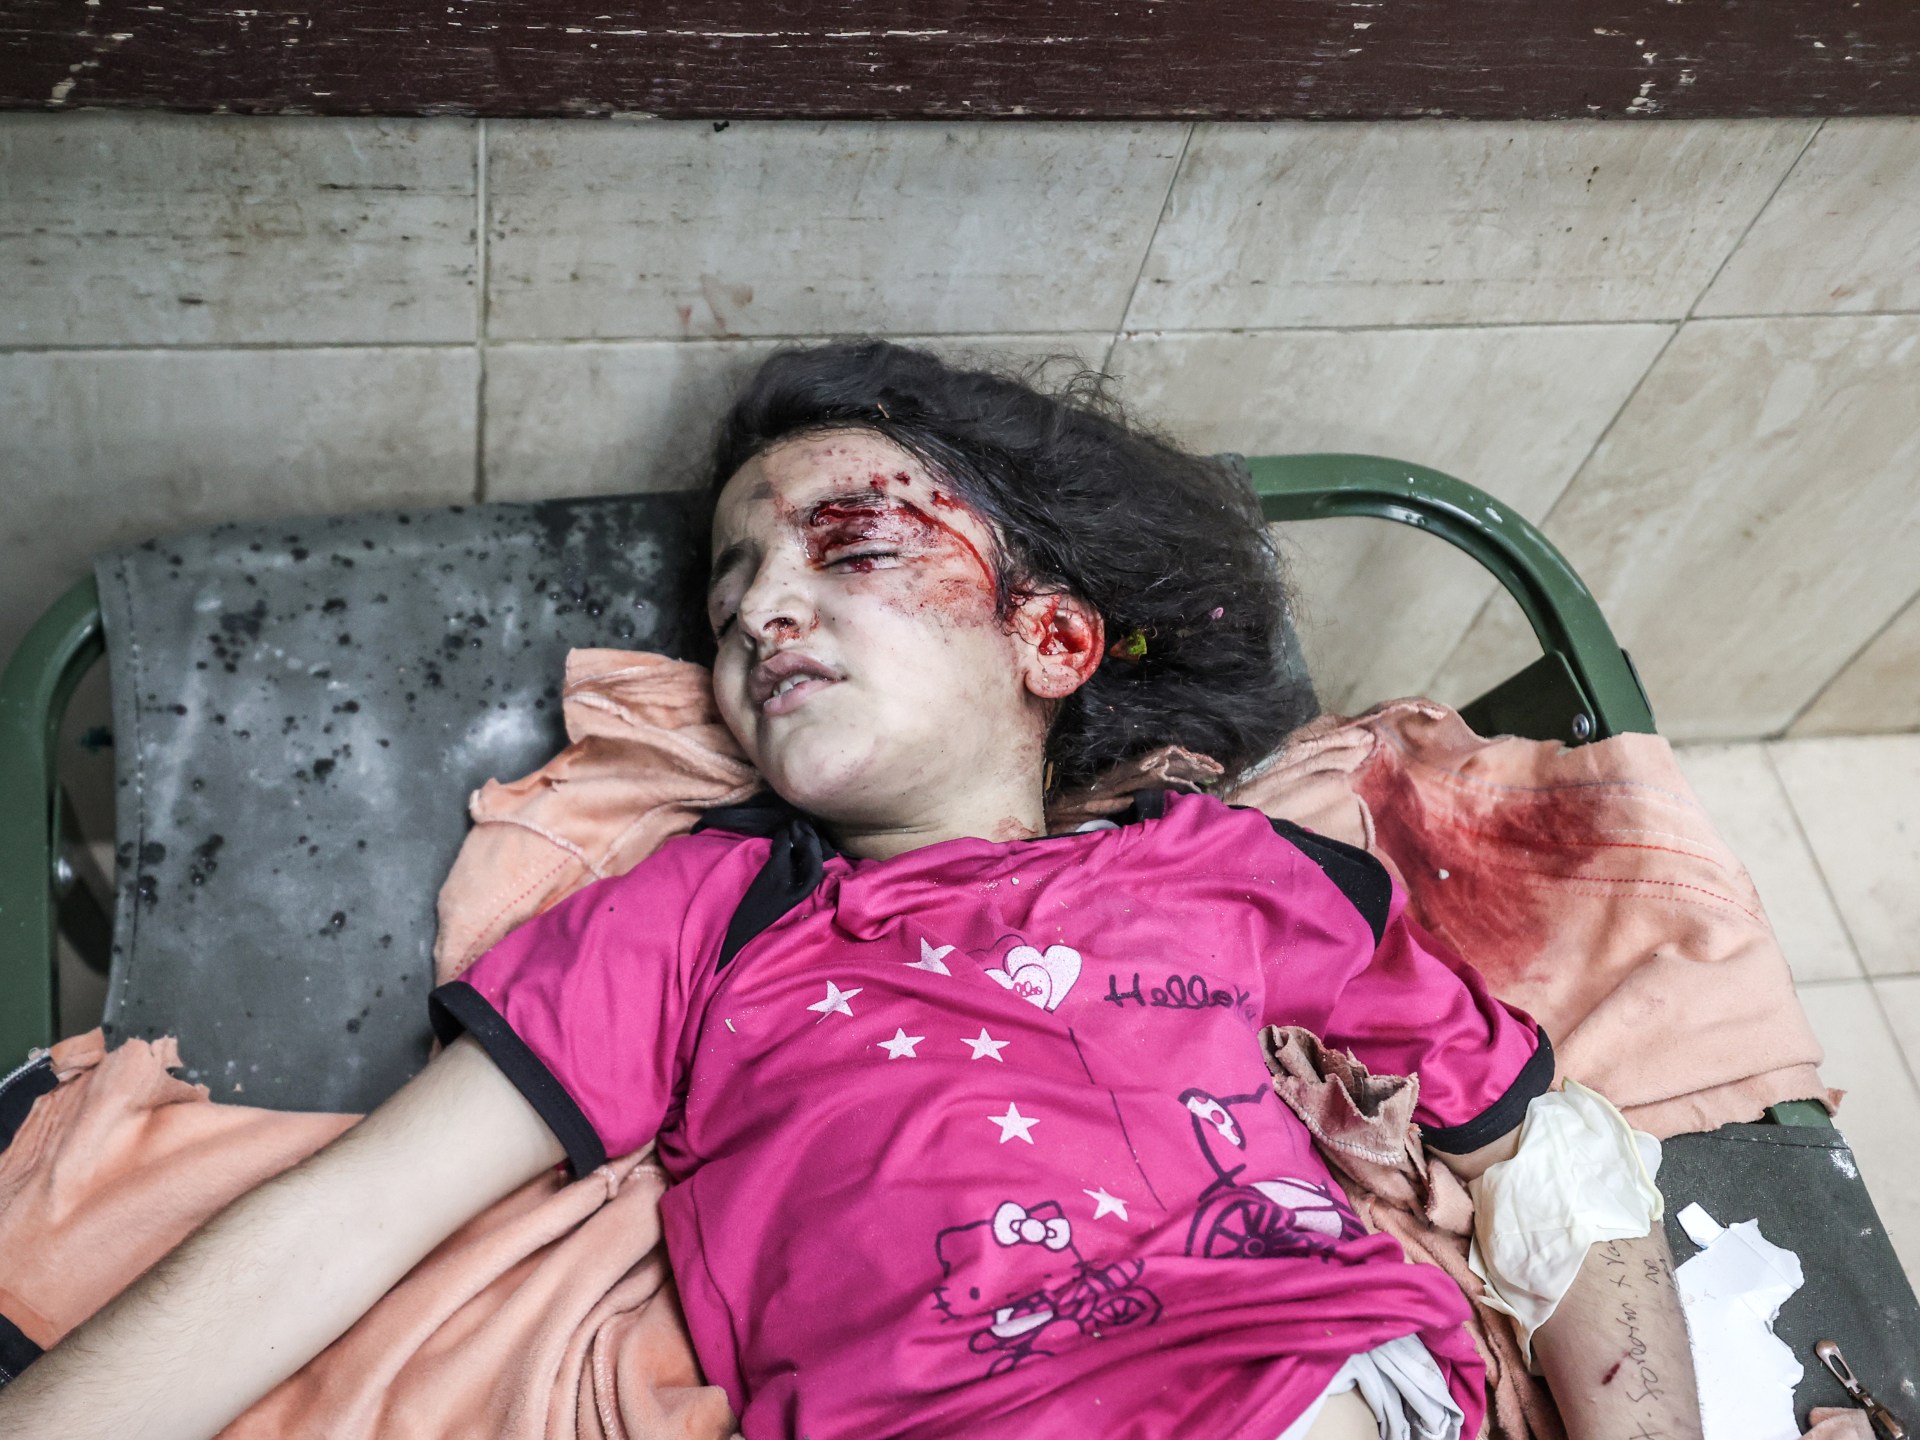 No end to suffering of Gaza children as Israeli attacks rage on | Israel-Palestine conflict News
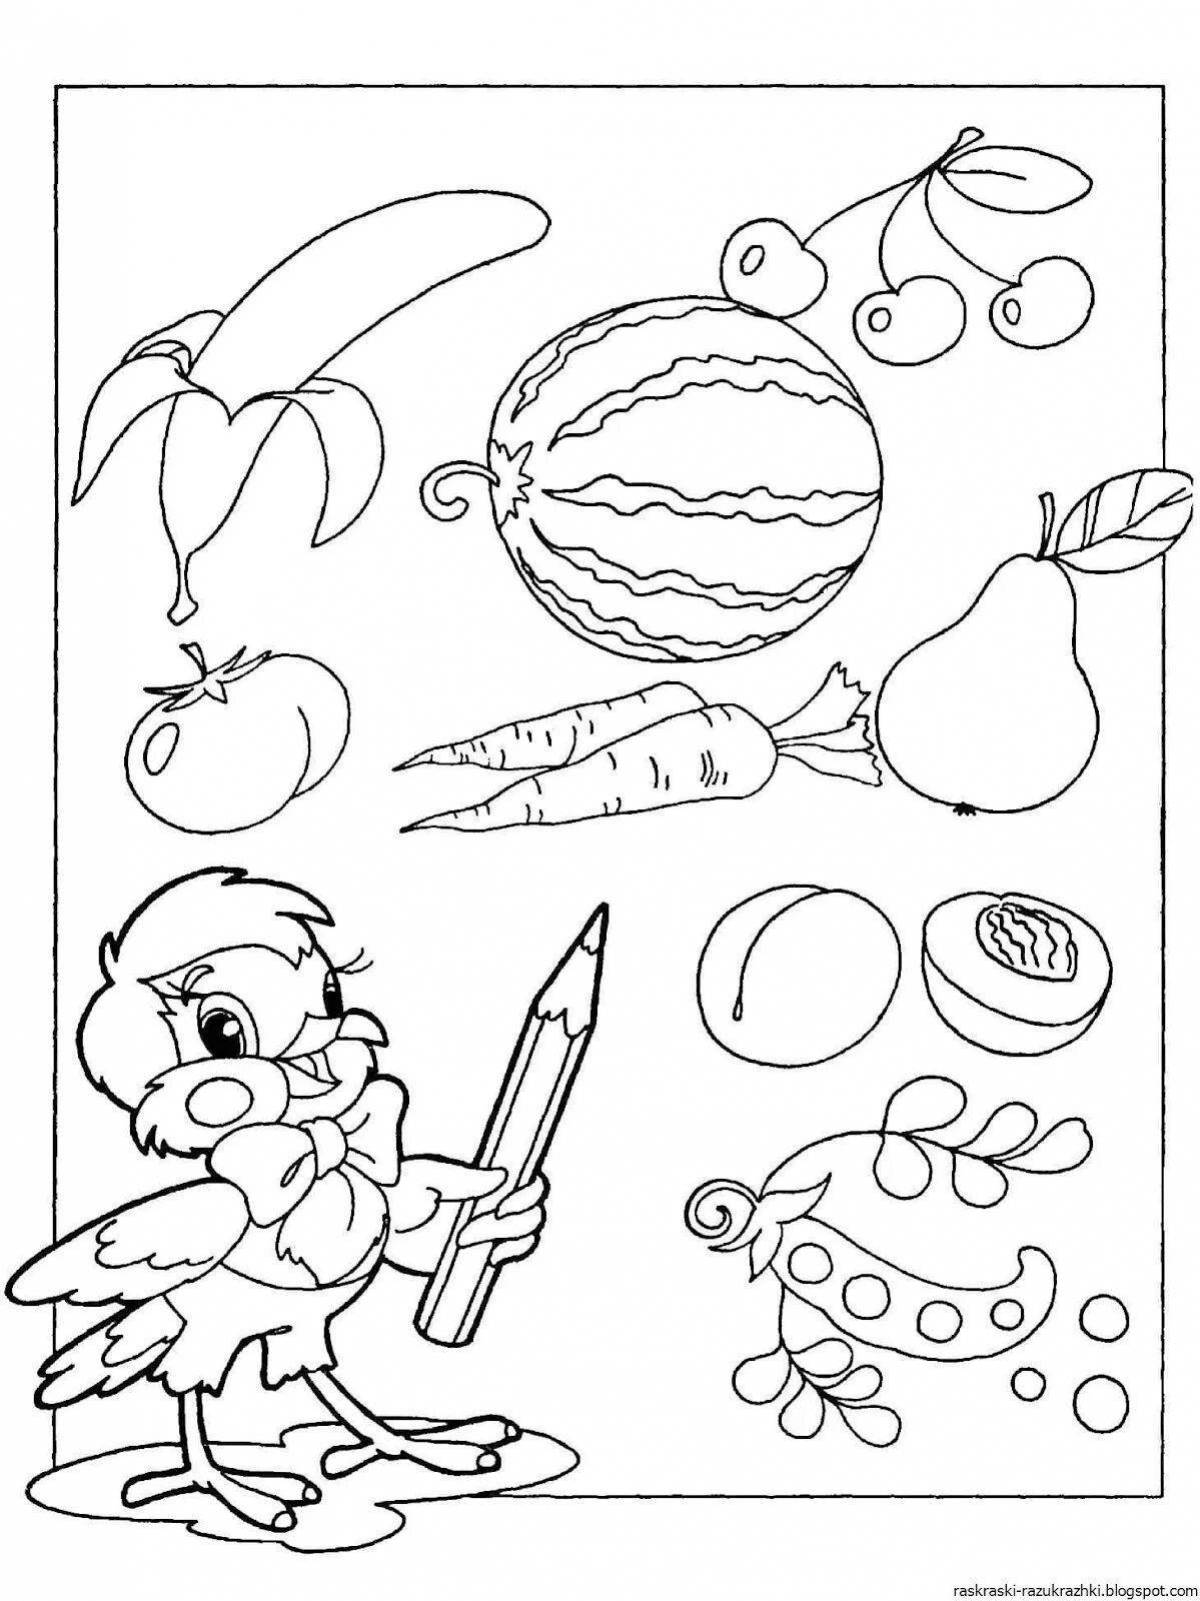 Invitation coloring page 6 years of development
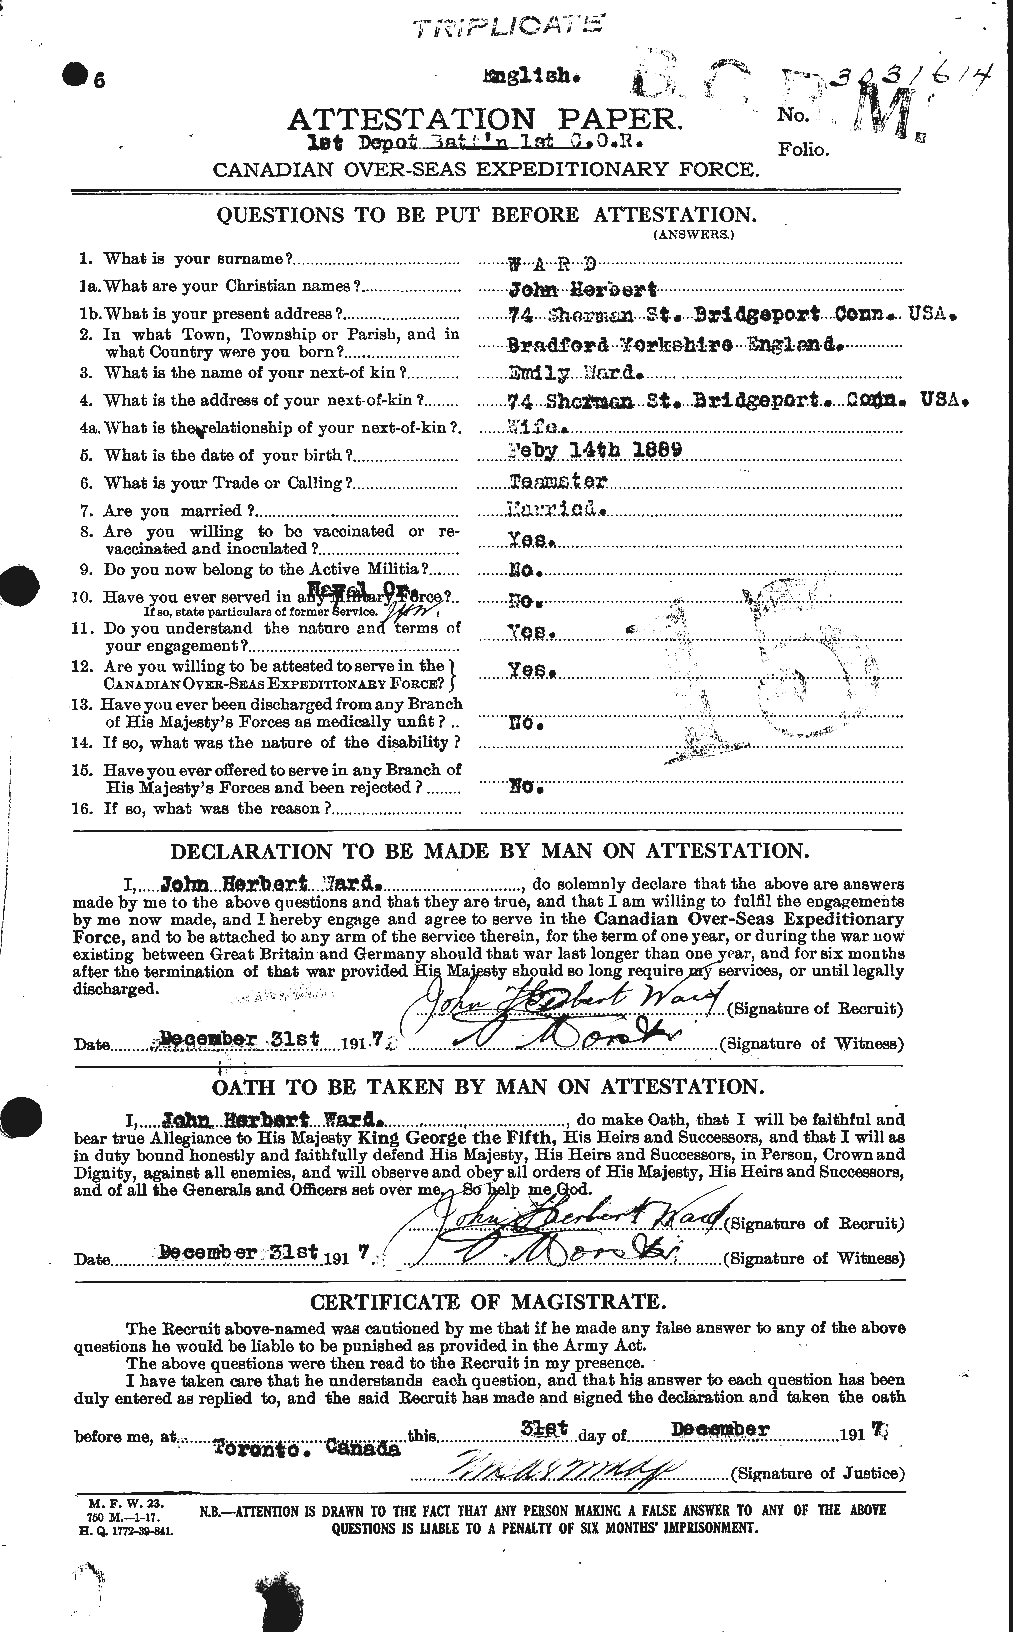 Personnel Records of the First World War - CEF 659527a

EXERCISE BRIEF
Leave every picture out. Retype the remaining data exactly.

RESPONSE AREA
 No end to suffering of Gaza children as Israeli attacks rage on | Israel-Palestine conflict News
 Invitation coloring page 6 years of development
 Personnel Records of the First World War - CEF 659527a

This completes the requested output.